When next the younger man spoke, his voice betrayed a tremble, not of sycophancy but of a passion that sprang from deep within. “I fear for my country, and I fear for the entire civilized world. There is nothing I wouldn't do to stop the spread of Fascism. And with all my heart I can tell you, sir, that at a time such as this there is no one in whose company I would rather be.”
Churchill's voice crumpled with emotion. “Then, as you say, I am not alone.”
He was up from the table now, a fresh cigar between his lips, and gazing out through the windows that stretched from floor to ceiling.
“I had always thought I should retire here, Burgess. Spend my final days gazing out over these fields.”
“I hope you shall.
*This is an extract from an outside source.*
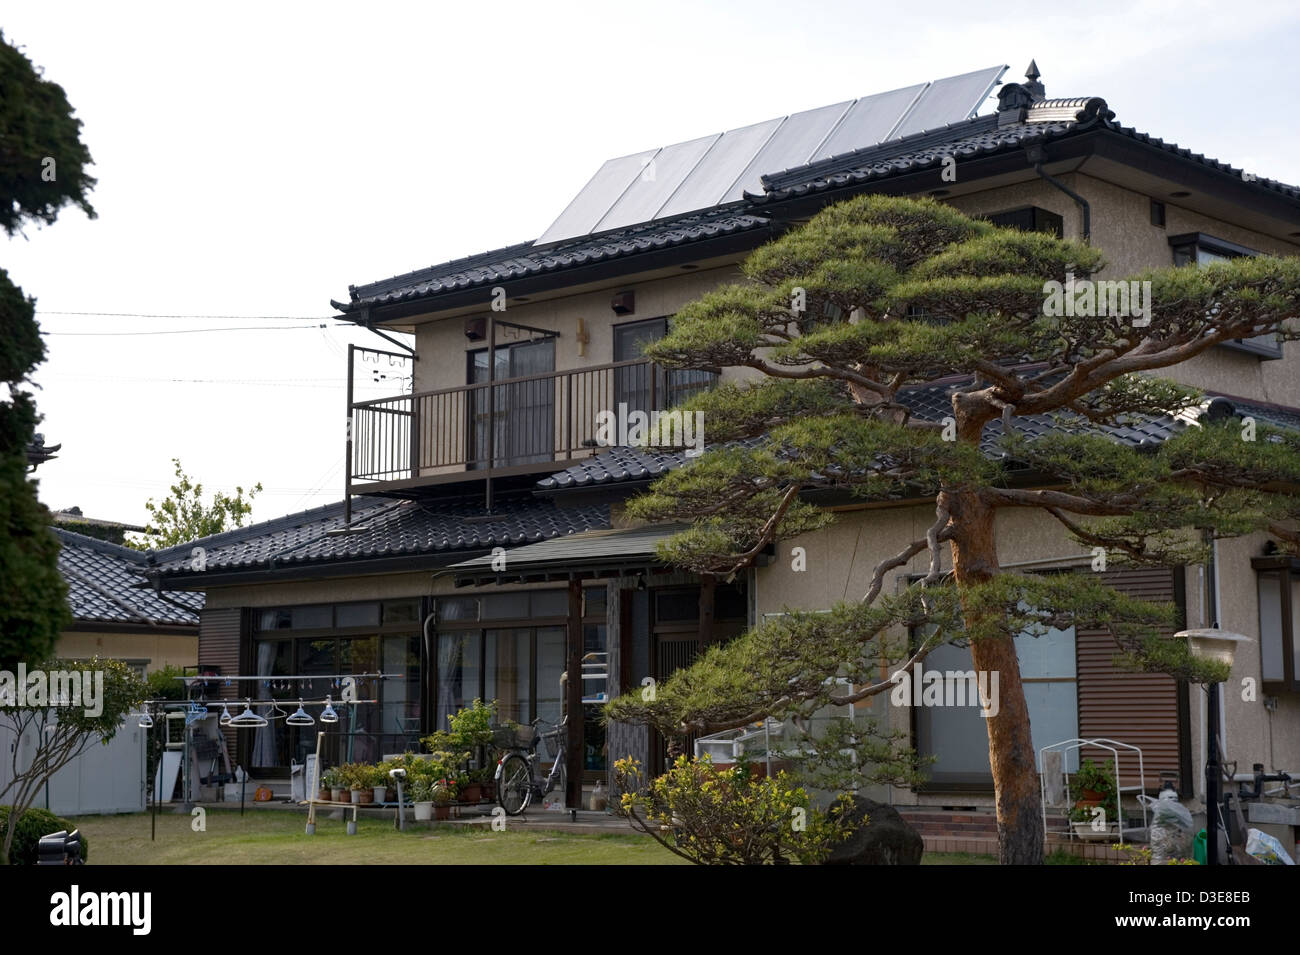 Japanisches Dach ceramic tile roof stockfotos ceramic tile roof bilder

When the time comes.”
“Whenever the time comes, I fear it will not be here.” Churchill sounded as if he were saying goodbye to an old friend. “It seems that Clemmie and I shall have to leave.”
“For safety?” It didn't take a military genius to recognize that Chartwell sat directly beneath the bombing path to London.
Churchill shook his head sadly. “It is one of the many ironies littering my life that it is the very lack of war that may force me to leave my home, Burgess. It's no state secret that I have been neglecting my financial affairs in recent times—I have been devoting myself to politics, even though politics have so steadfastly declined to devote themselves to me. The vast majority of my income is generated by my writings, but the books and articles that should have been written have remained locked up in my mind.”